Meclisine darbe yapan askerler cumhurbaşkanlığı seçimlerine de müdahale etmiş fakat Süleyman Demirel ve Bülent Ecevit’in anlaşmaları sonucu askerin dayattığı aday değil de, yine asker kökenli olan Fahri Korutürk meclisin iradesiyle Cumhurbaşkanı seçilmişti…
70’li yıllarda Meclis Başkanlığı yapan Ferruh Bozbeyli’nin anılarında yer alan bir anekdotu da burada anlatmak istiyorum. Gazeteciler Demirel’e “tüm muhalefet parti başkanları, Genel Kurmay Başkanı Semih Sancar’la görüşüyor siz niye görüşmüyorsunuz” diye sorduklarında, görüşmedim diyormuş. Oysa Semih Sancar Süleyman Demirel’le de görüştüğünü gazetecilere anlatmıştı. Bunun üzerine gazeteciler ısrarla Demirel’e bu durumu tekrar sorunca tarihe geçen o meşhur sözü o zaman zikretmişti “Dün dündür, bugün bugündür” diye…
1980 Askeri Darbesi tüm partileri kapatarak yasaklı hale getirdikten sonra kurulan partilerin içinden bir tanesi olan MDP’yi (Milliyetçi Türkiye Partisi) alenen desteklemelerine rağmen, Türk halkı, Turgut Özal’ın kurduğu ANAP ( Anavatan Partisi) gibi merkez sağ bir partiyi iktidara taşımıştı… Daha sonra yasaklı siyasetçilerin yasaklarının kalkması ile birlikte normal demokrasiye geçilecek ve Süleyman Demirel kurmuş olduğu DYP (Doğru Yol Partisi) ile tekrar iktidara gelecekti 90’lı yıllarda…

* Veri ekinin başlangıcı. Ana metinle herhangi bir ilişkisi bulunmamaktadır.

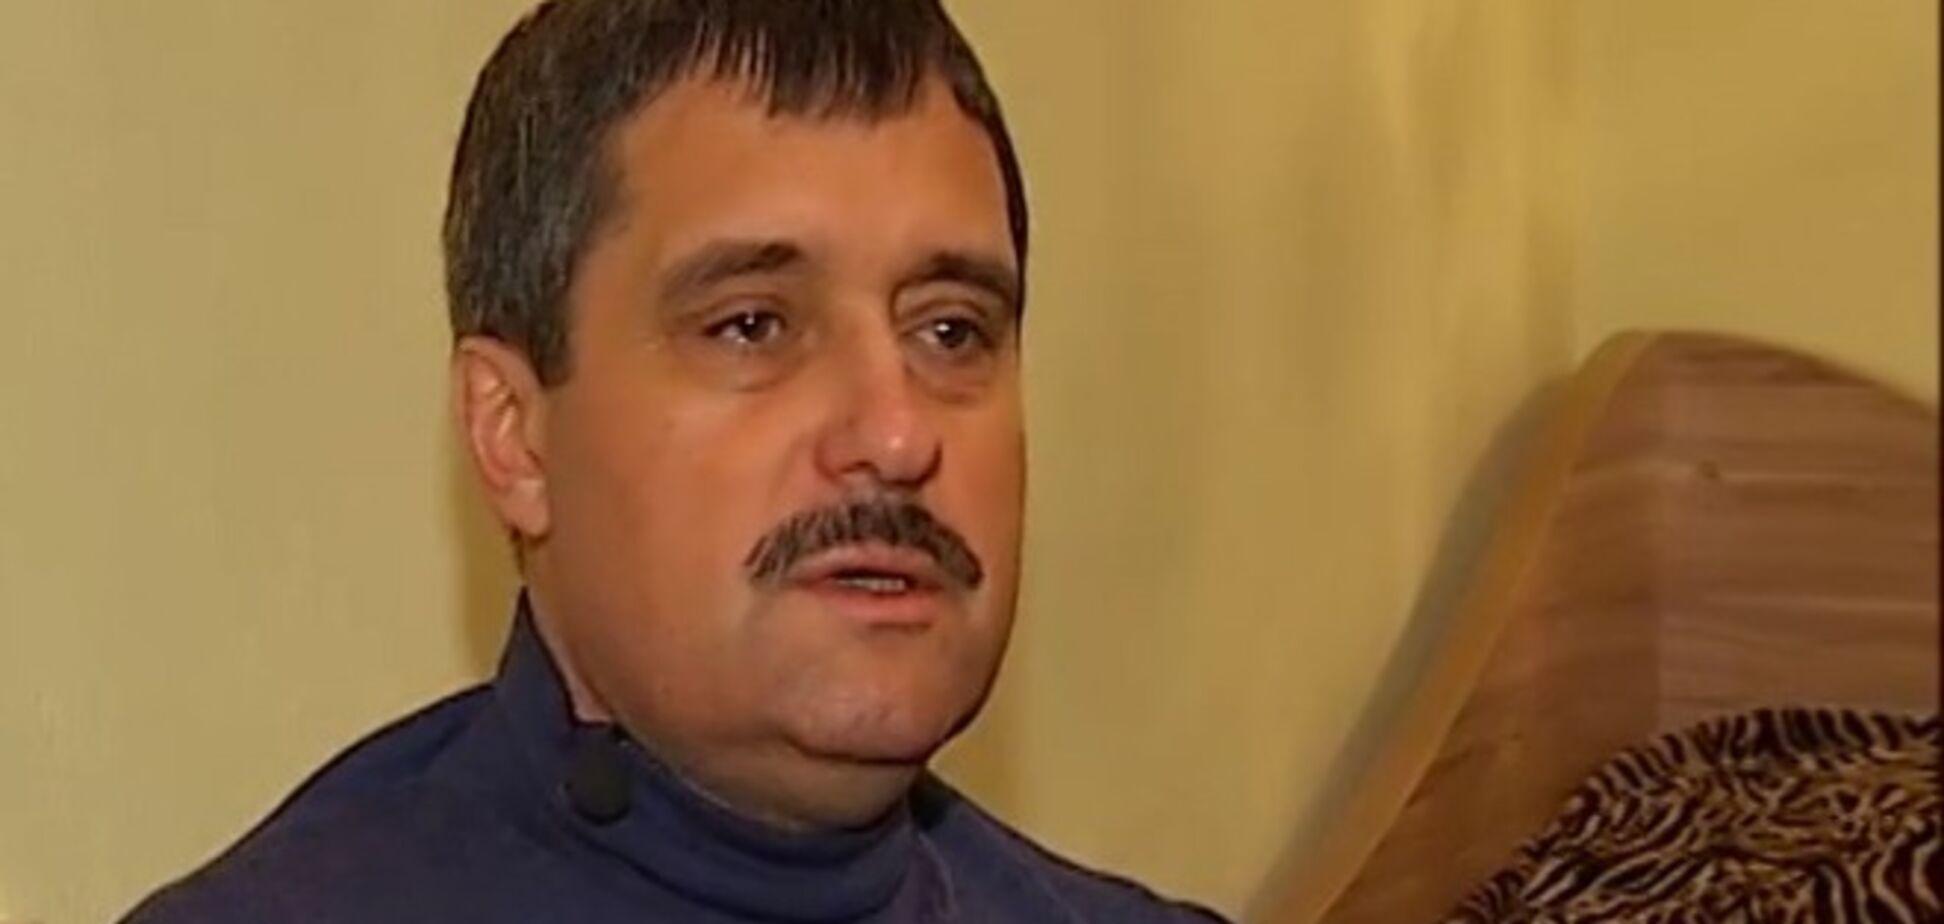 Подозреваемый по делу о гибели 49 военных в ИЛ-76 генерал ВСУ заявляет об отсутствии доказательств его вины

Sonra malumunuz 28 Şubat 1997’de post modern darbe sürecini yaşadık…
Halkın oyuyla iktidara gelen Necmettin Erbakan Hocanın başına etmediklerini bırakmamıştı askerler! Siyaseti dizayn edenler merhum Erbakan’ın partisini kapadılar kendisini ve bir çok arkadaşını da yasaklı hale getirdiler. Onlardan bir tanesi de bugün ki Cumhurbaşkanı Recep Tayyip Erdoğan’dı. Muhtar bile olamaz dedikleri kişi, 28 Şubatın etkisi daha geçmeden 2002 yılında kurduğu Ak Parti ile halkın teveccühünü kazanarak tek başına iktidara geldi…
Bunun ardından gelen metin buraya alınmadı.